● **Work task**
The expected output is the full data, repeated exactly, without pictures.

● **Data to examine**
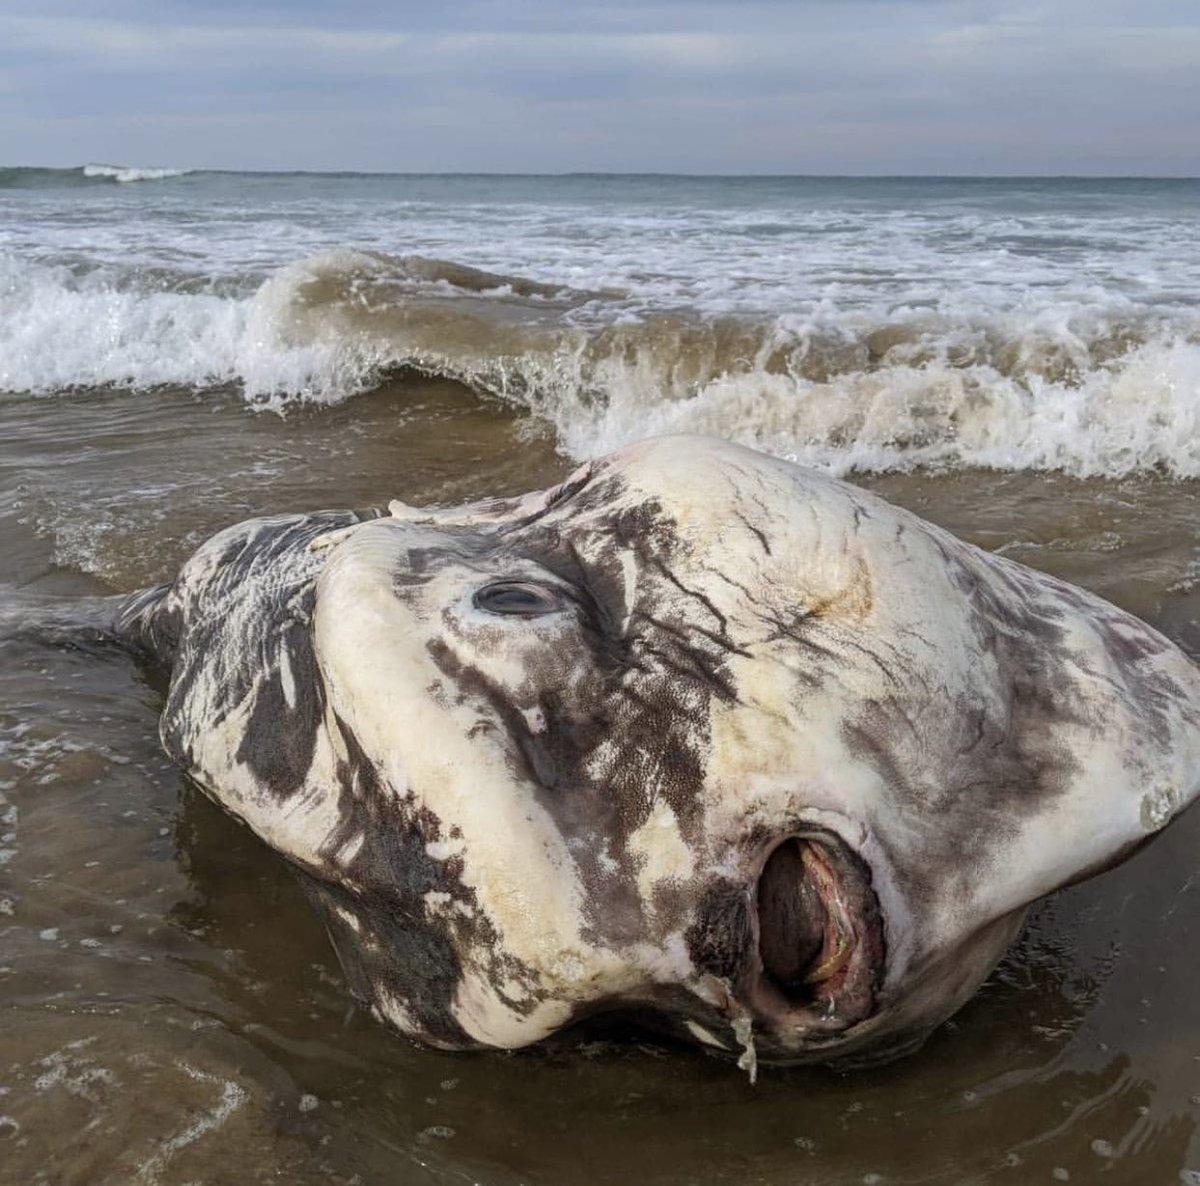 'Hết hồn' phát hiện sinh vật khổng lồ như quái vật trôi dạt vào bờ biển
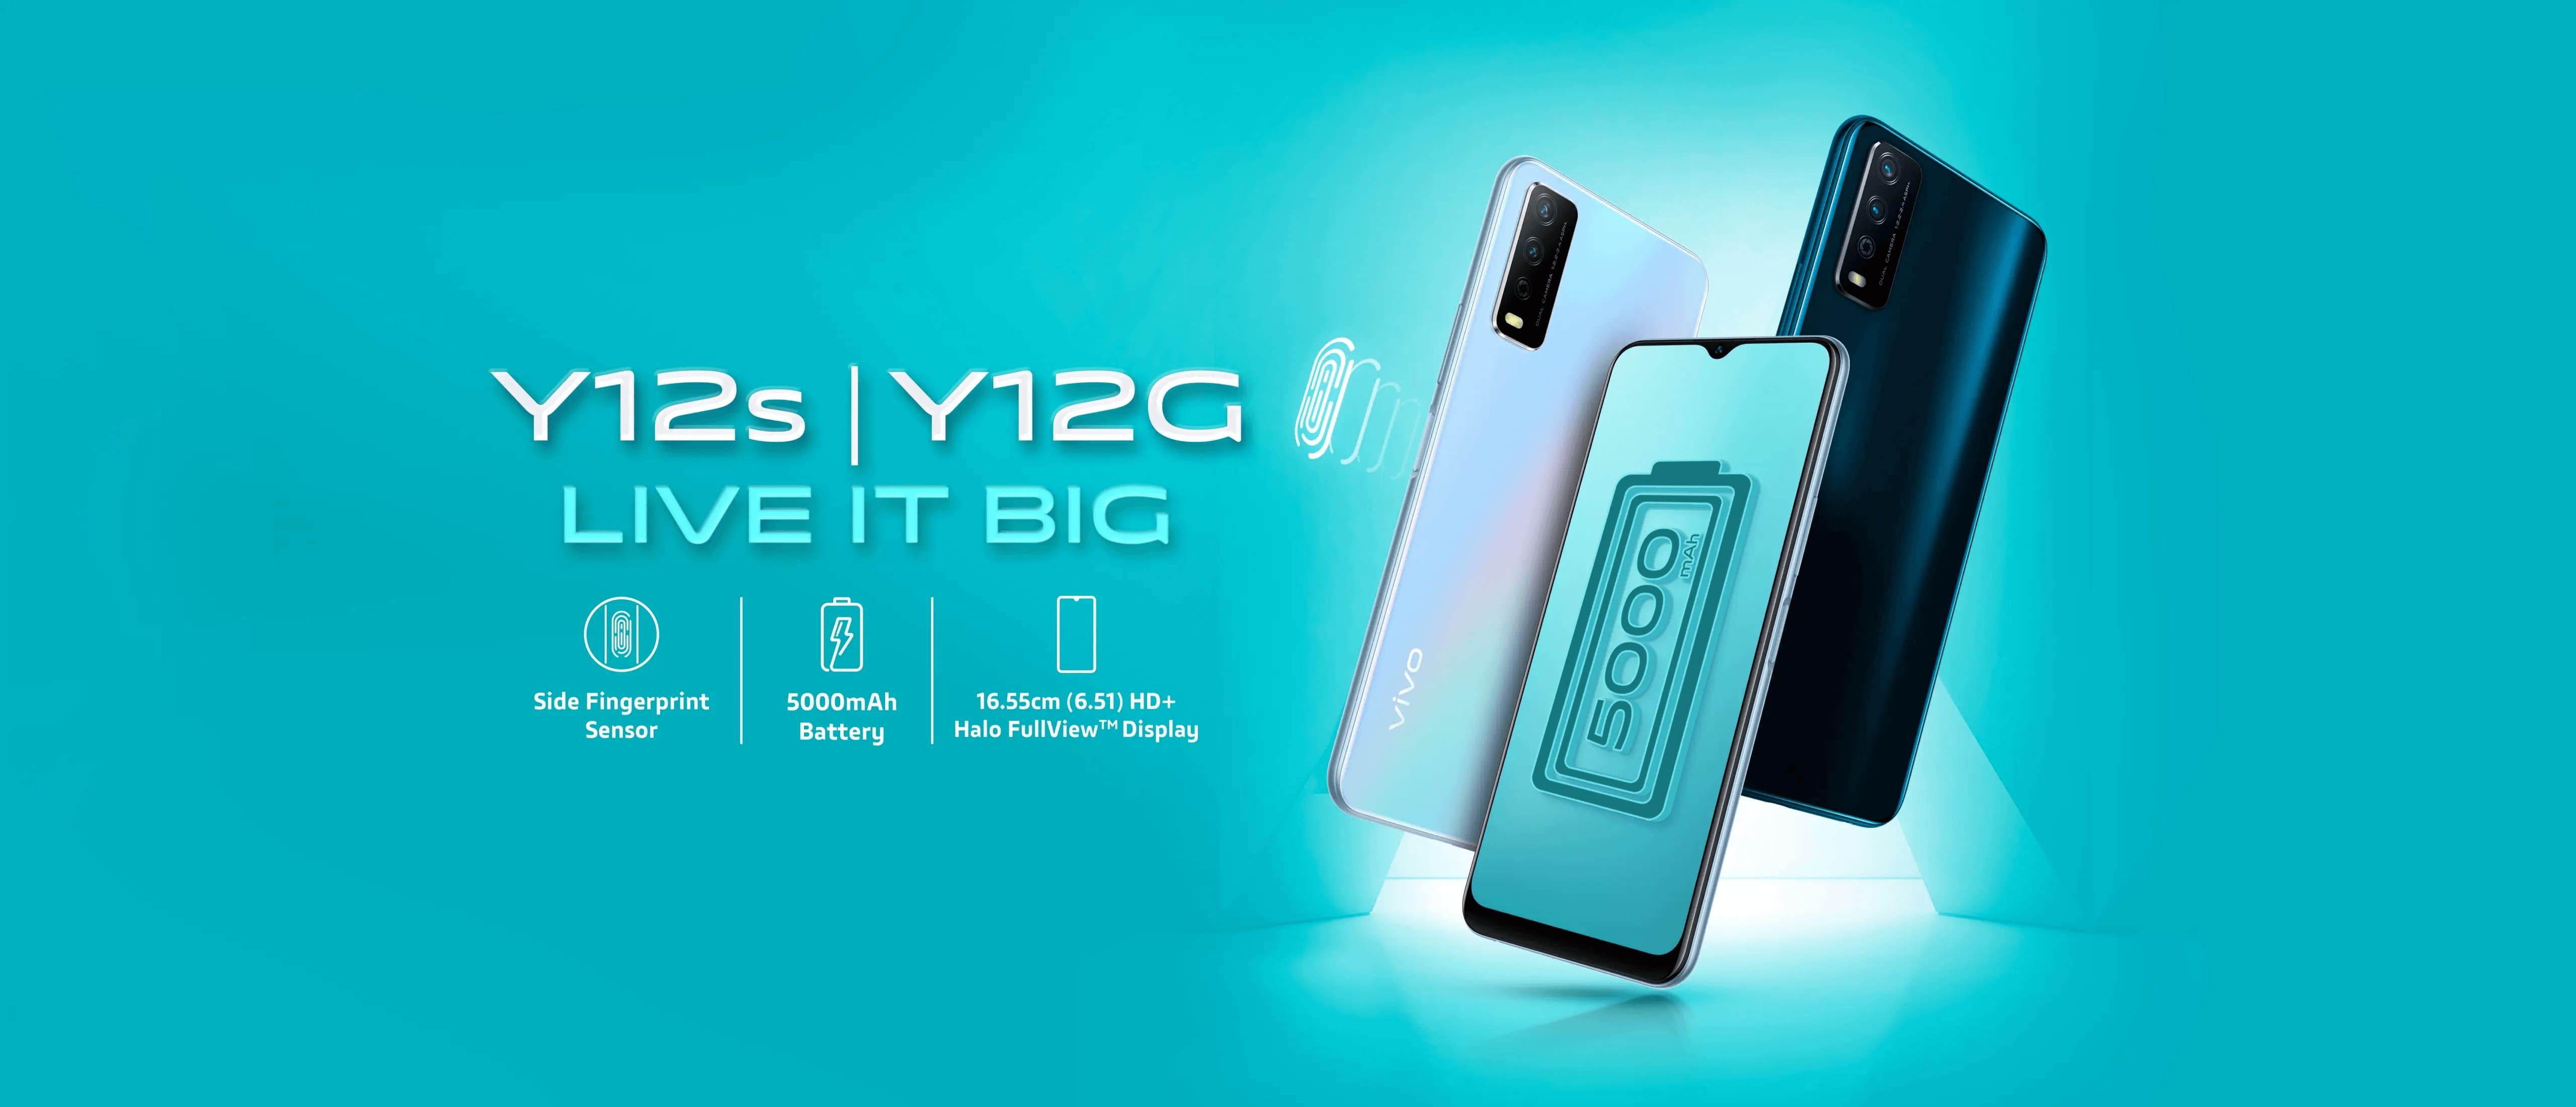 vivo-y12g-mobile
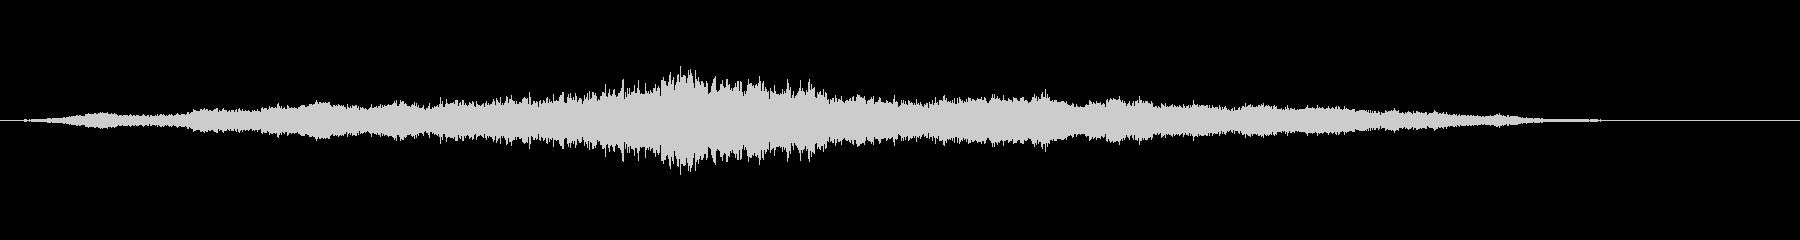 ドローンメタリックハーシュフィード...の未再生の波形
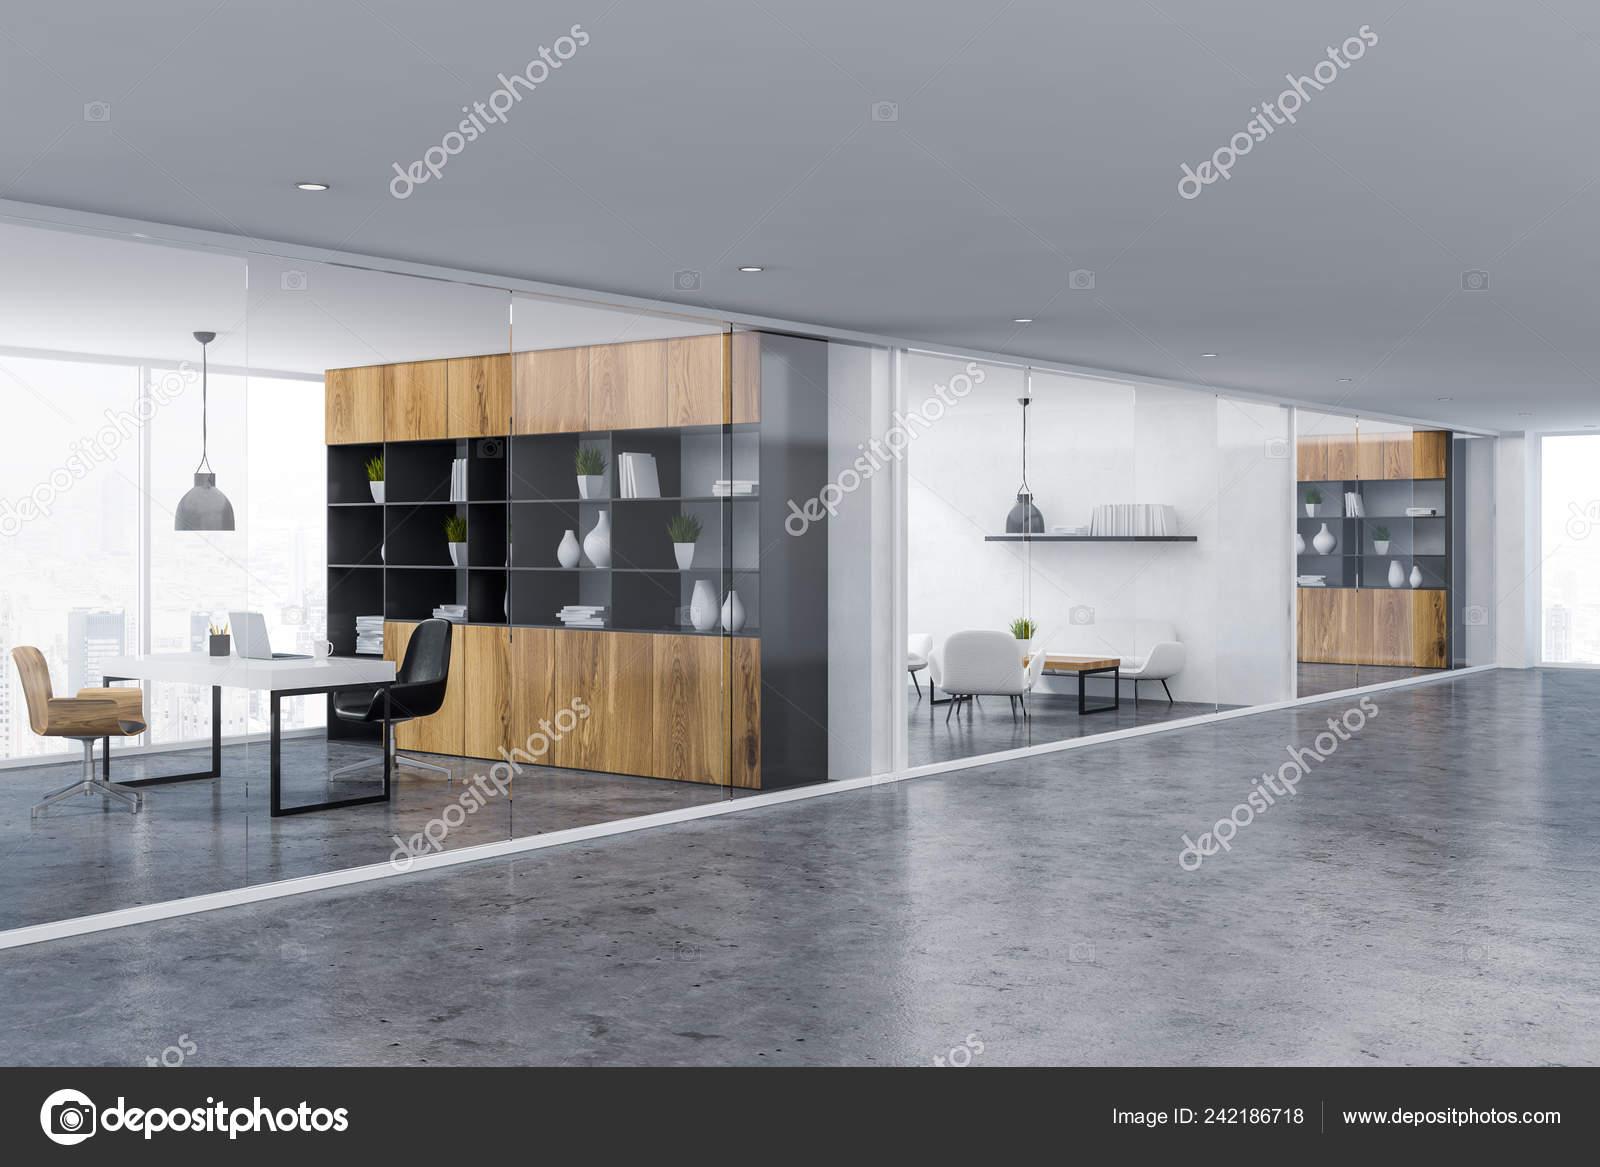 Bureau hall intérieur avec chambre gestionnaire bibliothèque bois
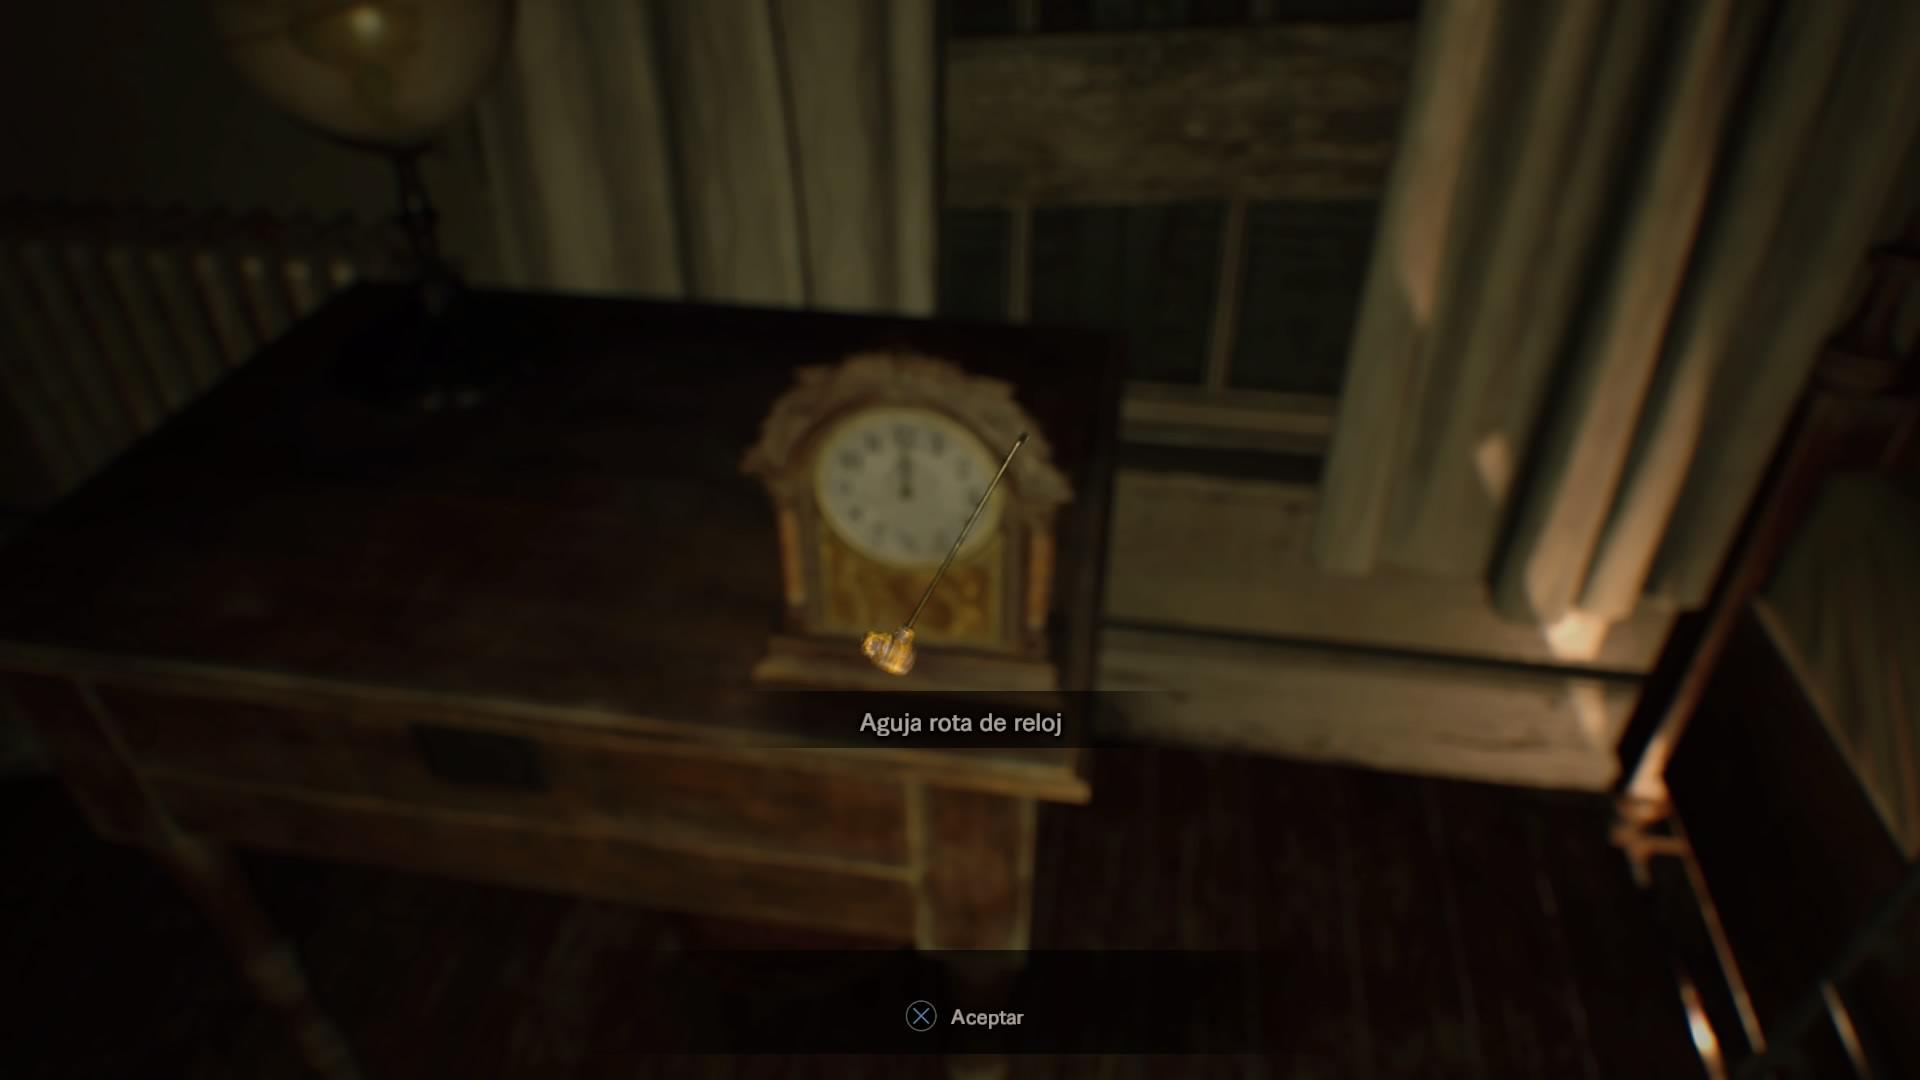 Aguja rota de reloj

● **Output of the exercise**
 'Hết hồn' phát hiện sinh vật khổng lồ như quái vật trôi dạt vào bờ biển
 vivo-y12g-mobile
 ドローンメタリックハーシュフィード...の未再生の波形
 Bureau hall intérieur avec chambre gestionnaire bibliothèque bois
 Aguja rota de reloj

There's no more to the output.